Произнося эту тираду, Лихутин смутно сознавал, что он ведет себя смешно и пошло, что совсем не то следовало сделать.
Надо было схватить ее, покрыть поцелуями, выплакать у ее ног свою страсть и вызвать в ней отклик, в один миг, потому что она была готова к любви, призывала ее всем существом и Али -- только символ того, как она преисполнена жаждой жизни и страсти.
Но ему уже нельзя было так повести себя: обида и злость, возмущение и презрительное высокомерие мужчины, оскорбленного в сознании своего превосходства -- мертвили его душу, держали его в оцепенении.
-- Владимир Павлович! Милый!.. -- Она опять близко подошла к нему. -- Вы ли это говорите? Вы -- умница, вы -- честный и терпимый, вы -- тот человек, который стал мне первый проповедовать свободу чувства, нелепость и ложь всяких лицемерных сентенций? Голубчик! Разве я решаю судьбу свою? Ставлю все на карту? Я просто живу, как никогда еще не жила. И такого чувства, какое теперь играет во мне -- у меня уже больше не будет!.. Полюблю еще раз, на всю жизнь, или на время, глубоко и серьезно, сделаюсь подругой или женой человека выше себя, найду в нем идеал всего, что для меня есть дорогого в жизни; но вот таких минут, теперешних, я никому не уступлю, никому и ничему -- никакой книжке. И ничего я не боюсь!
-- Никакой грязи? -- перебил он ее -- и рот его сложился в гневную и презрительную усмешку.
-- Почему грязи? А если б я увлеклась теперь каким-нибудь интеллигентом, офицером или художником, была бы разница для меня? Скажите? Стало быть, чувство, радость любви или влечения, хотя бы и минутного, грешного, как хотите называйте, все это измеряется только чином, или образованием, или положением того мужчины, кто в вас заронит искру? Да?

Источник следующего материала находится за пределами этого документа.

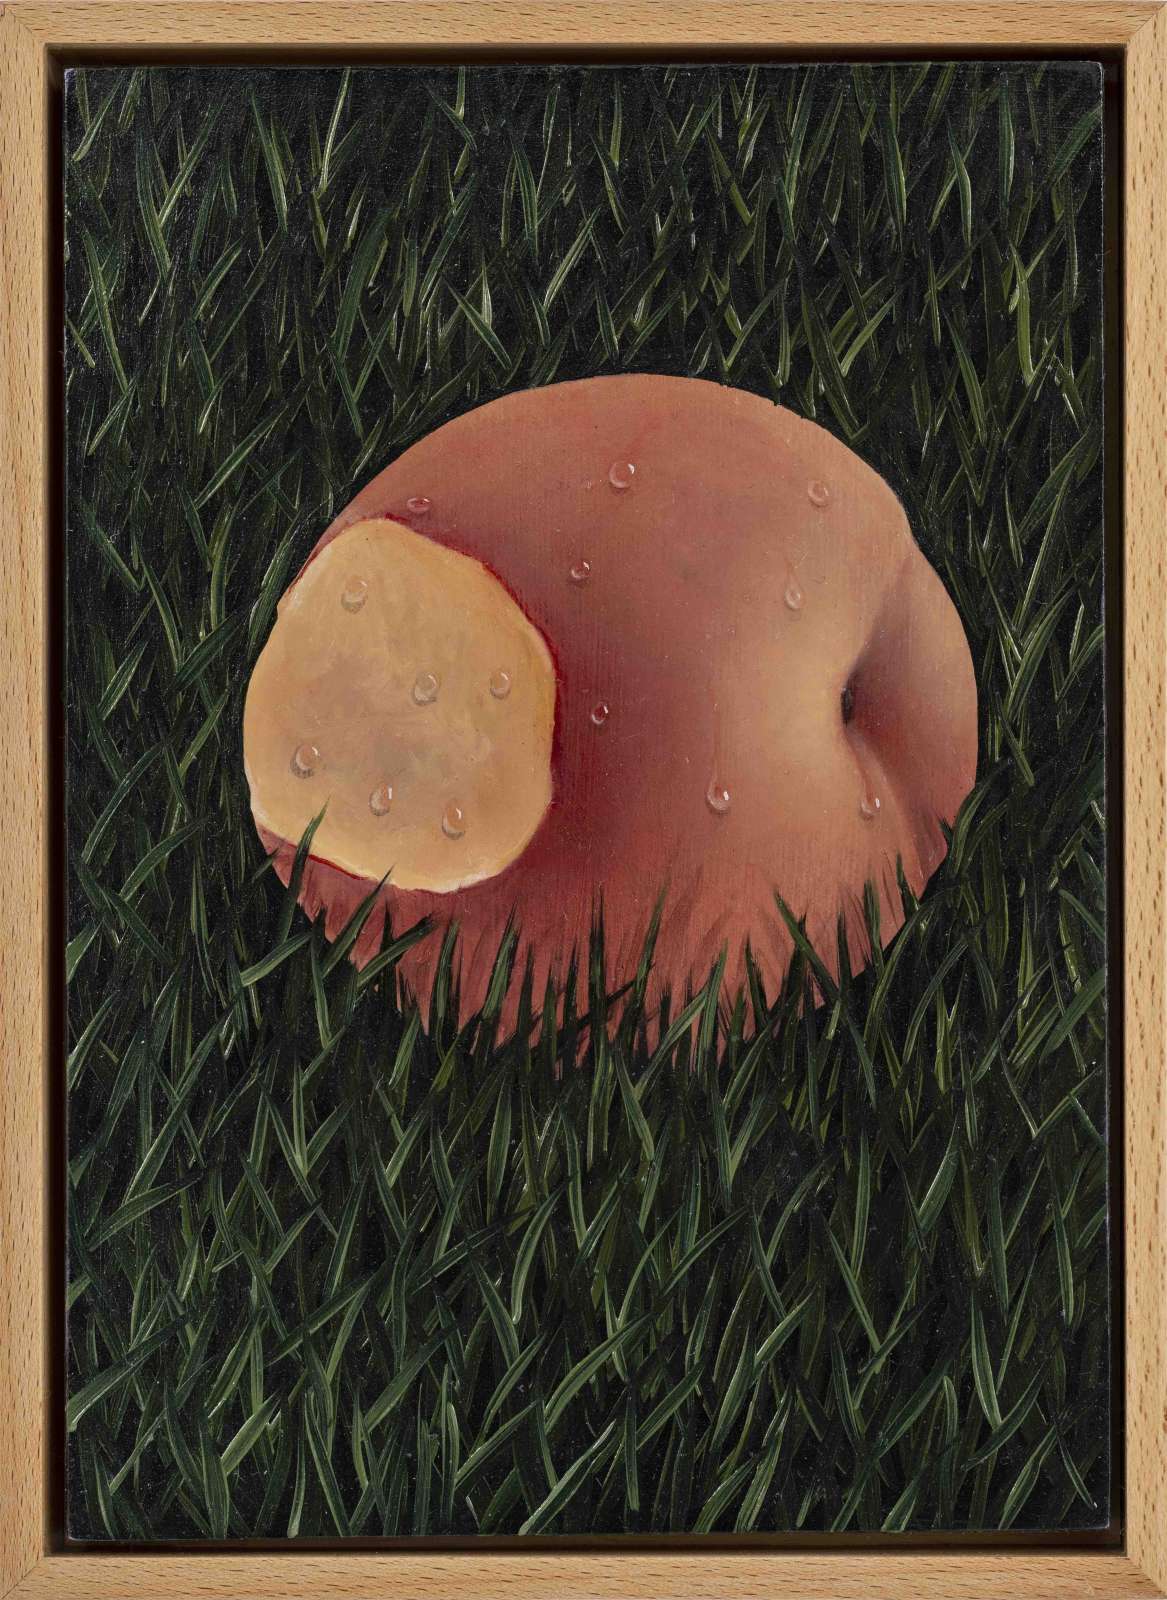 Natalia Gonzalez Martin, Four states of matter: Engraved, 2021, Oil on wood, 21 x 14 cm

-- Я не знаю-с, -- отрезал он.
-- Нет, ответьте мне: да или нет? Не лавируйте, не садитесь между двумя стульями!
-- Чувство -- не чувственность!
-- Почем я знаю, что меня поднимает на седьмое небо? Красота женщины, когда вы -- мужчины -- в нее безумно влюблены, даже просто ее формы, ее голос, ее вздернутый нос или смех -- все это разве духовное, идеальное? Полноте. Вы это так... Это у вас, добрый друг мой, последняя дань все той же книжке.
И она тихо рассмеялась. В глазах ее блеснул новый наплыв блаженства; она не могла продолжать дальше свои доводы.
-- Ну, прощайте. Поздно. Надо ехать.
Она смелым жестом протянула ему руку. Он подал свою с чувством бессильной ярости.
На пороге балкона Марья Вадимовна приложила палец к губам и, кивнув ему головой, сказала вполголоса:
-- До конца еще далеко! А какой он будет -- не знаю. И ничего не боюсь -- ничего!